How do you determine if the improper integral converges or diverges #int (1/(3x)-6) dx# from negative infinity to 0?

1 Answer
Mar 25, 2018

#int_-oo^0(1/(3x)-6)dxrArr# diverges to #-oo#

Explanation:

To evaluate a two-sided improper integral, split it into two integrals and express each as a limit like so:

#int_-oo^0(1/(3x)-6)dx#

#=lim_(s->-oo)int_s^-1(1/(3x)-6)dx+lim_(t->0)int_-1^t(1/(3x)-6)dx#

Now compute the integrals and evaluate the limits:

#rArrlim_(s->-oo)[lnabs(3x)/3-6x]_s^-1#

#rArrlim_(s->-oo)[(ln3/3+6)-(lnabs(3s)/3-6s)]#

#rArr[(ln3/3+6)-(oo+oo)]->-oo#

Therefore the integral diverges as it approaches #-oo#.
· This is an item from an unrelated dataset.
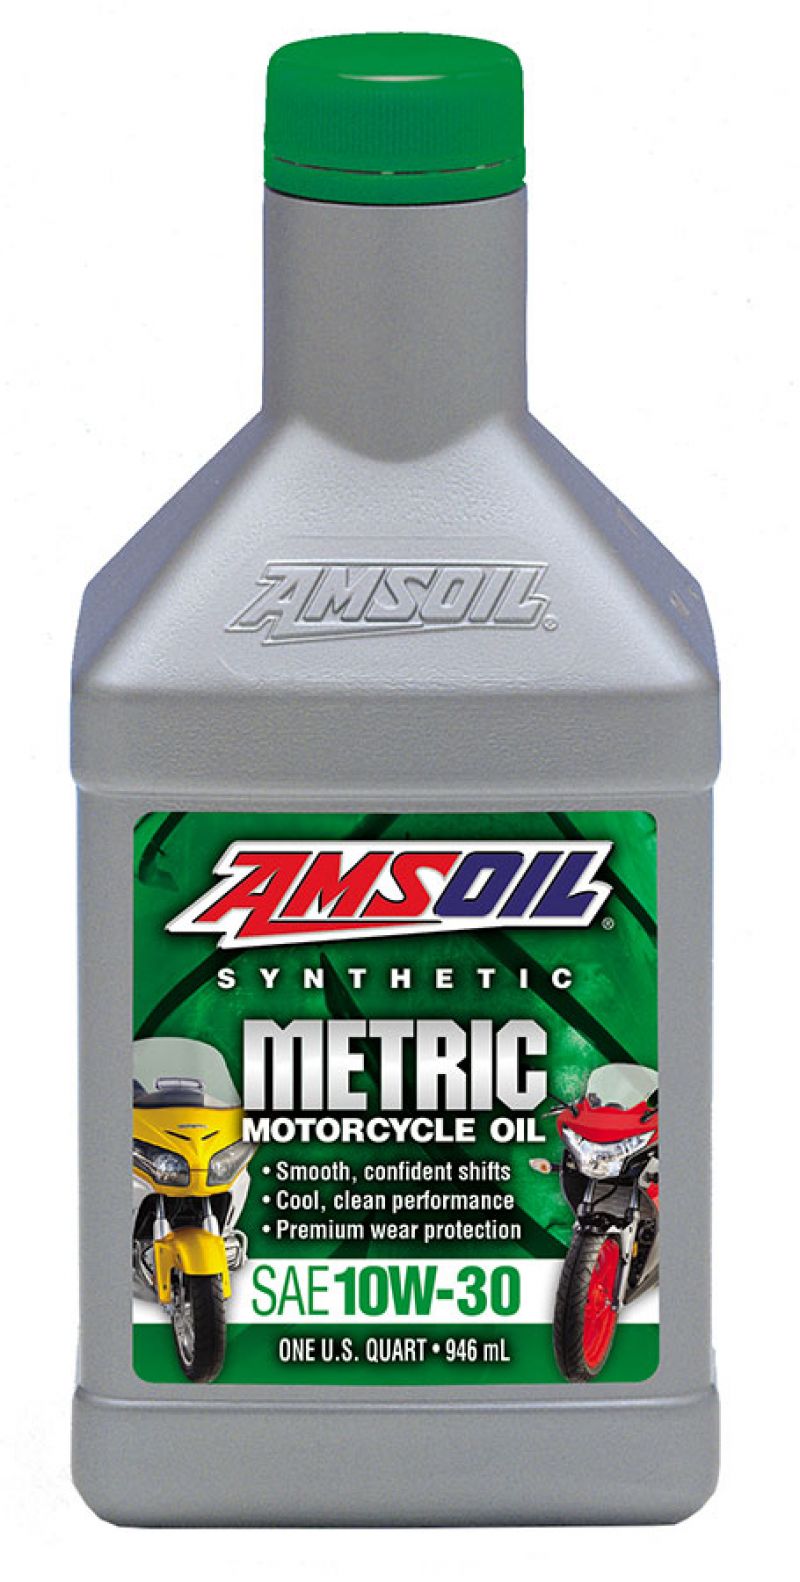 Amsoil 10W-30 Synthetic Metric

Technically, we could stop here. If one integral diverges, the whole expression will diverge. But let's evaluate the second limit just for good measure:

#rArrlim_(t->0)[lnabs(3x)/3-6x]_-1^t#

#rArrlim_(t->0)[(lnabs(3t)/3-6t)-(ln3/3+6)]#

#rArr[(-oo-0)-(ln3/3+6)]->-oo#

And again we see the integral also diverges as it approaches 0.